TRIBUNALE DI SORVEGLIANZA
ORDINANZA

nel procedimento chiamato all’udienza dell’ 8 aprile 2025, relativo a reclamo art. 69bis O.P. avverso ordinanza del magistrato di sorveglianza di Pescara 9.12.2024 con cui è stata dichiarata inammissibile l’istanza di liberazione anticipata relativa al semestre 30.11.2022 – 29.05.2024, promosso dall’imputato, detenuto presso la c.c. di Lanciano;

Esaminati gli atti ed udita la relazione, viste le conclusioni formulate in udienza dal Procuratore Generale e dal difensore, nei termini di cui al relativo verbale, a scioglimento della riserva assunta

OSSERVA

L’interessato ha presentato, per il tramite del difensore di fiducia, tempestivo reclamo (con istanza depositata in data 17.12.2024) avverso l’ordinanza indicata in epigrafe, con cui il magistrato di sorveglianza di Pescara ha dichiarato inammissibile l’istanza, alla luce della novella legislativa introdotta dall’art. 5 c. 3 D.L.n. 92 del 4.07.2024, che richiede, a sostegno della stessa, la deduzione di uno specifico interesse diverso da quelli di cui ai commi 1 e 2, che non era stato indicato all’atto dell’istanza.

Ritiene questo tribunale che il reclamo sia meritevole di accoglimento.

Difatti, ferma la natura processuale delle norme inerenti ai benefici penitenziari che, in assenza di una specifica disciplina transitoria, soggiacciono al principio “tempus regit actum” e, dunque, trovano immediata applicazione, va tuttavia considerato che l’istanza volta alla concessione della liberazione anticipata reca la data del 29 maggio 2024 e, dunque, è stata predisposta nella vigenza della normativa ante riforma, il ché avrebbe richiesto quantomeno la concessione, in favore dell’istante, di un termine per integrare l’istanza secondo le previsioni della novella legislativa, ovvero una valutazione meno rigorosa, dal parte del giudice di prime cure, circa la sussistenza di un interesse all’ottenimento del beneficio.

Orbene, dall’istruttoria in atti risulta che nel periodo considerato, in cui è stato ininterrottamente ristretto, l’interessato ha osservato una condotta regolare e conforme alle regole intramurarie, dando così prova di partecipazione all’opera rieducativa; risulta, infine, che il semestre 31.05.2022 – 31.05.2023 è già stato valutato dal magistrato di sorveglianza di Torino con ordinanza 11.09.2024, per cui l’istanza va dichiarata inammissibile per il periodo corrente dal 30.11.2022- 31.05.2023.
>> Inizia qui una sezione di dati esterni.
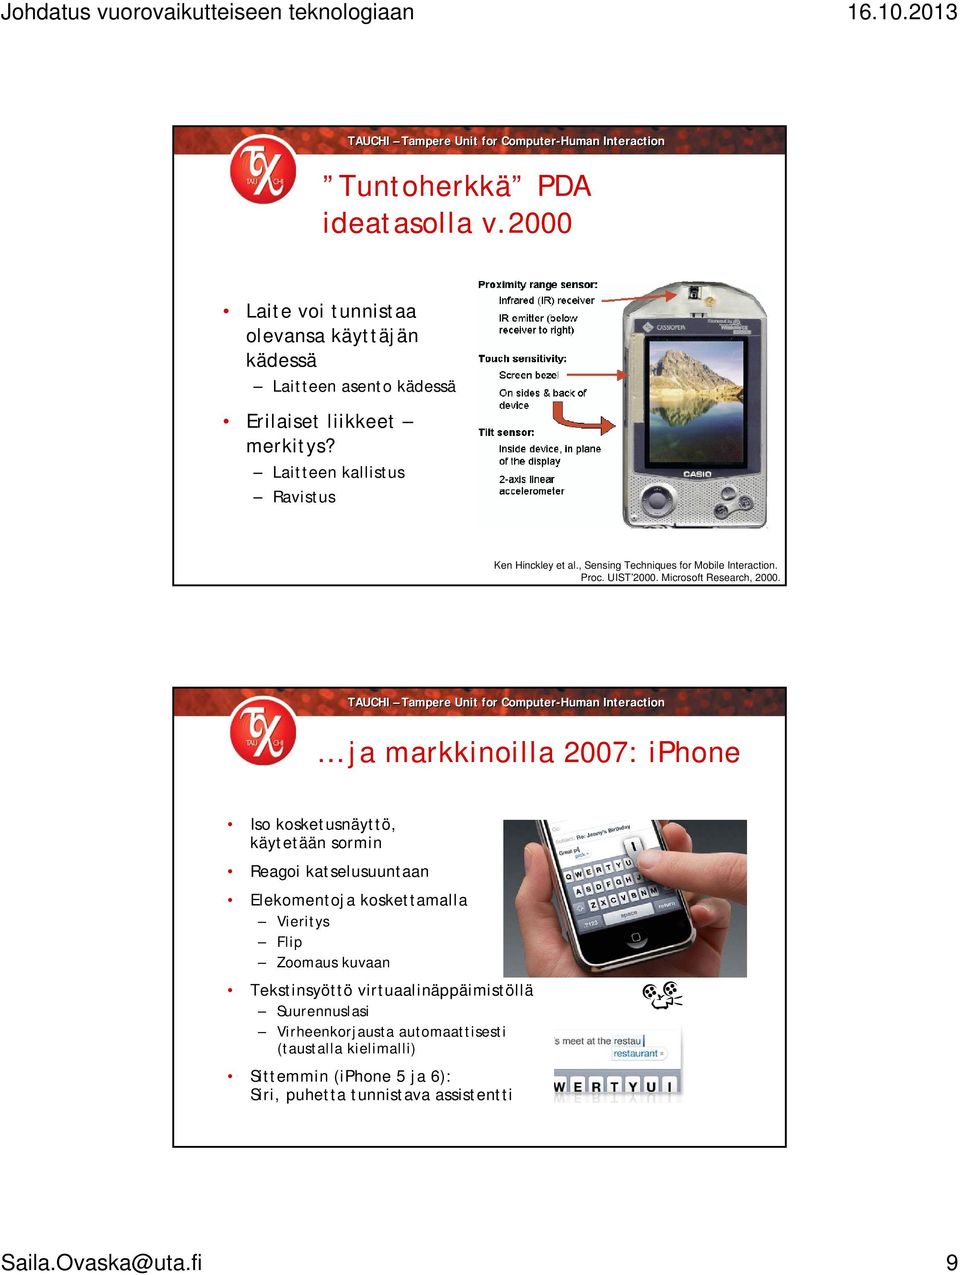 ja markkinoilla 2007: iphone Iso kosketusnäyttö, käytetään sormin Reagoi katselusuuntaan Elekomentoja koskettamalla Vieritys Flip Zoomaus kuvaan

Visti gli artt. 54 e 69 bis O.P.;

P.Q.M.

ACCOGLIE il reclamo proposto dall’imputato, sopra generalizzato, e, per l’effetto, annulla l’ordinanza del magistrato di sorveglianza di Pescara 9.12.2024 e concede, in suo favore, una riduzione della pena in esecuzione di giorni 90 per i semestri correnti dal 1.06.2023 al 31.05.2024;

DICHIARA INAMMISSIBILE l’istanza per il semestre 30.11.2022- 31.05.2023.

Manda alla Cancelleria per gli adempimenti di competenza.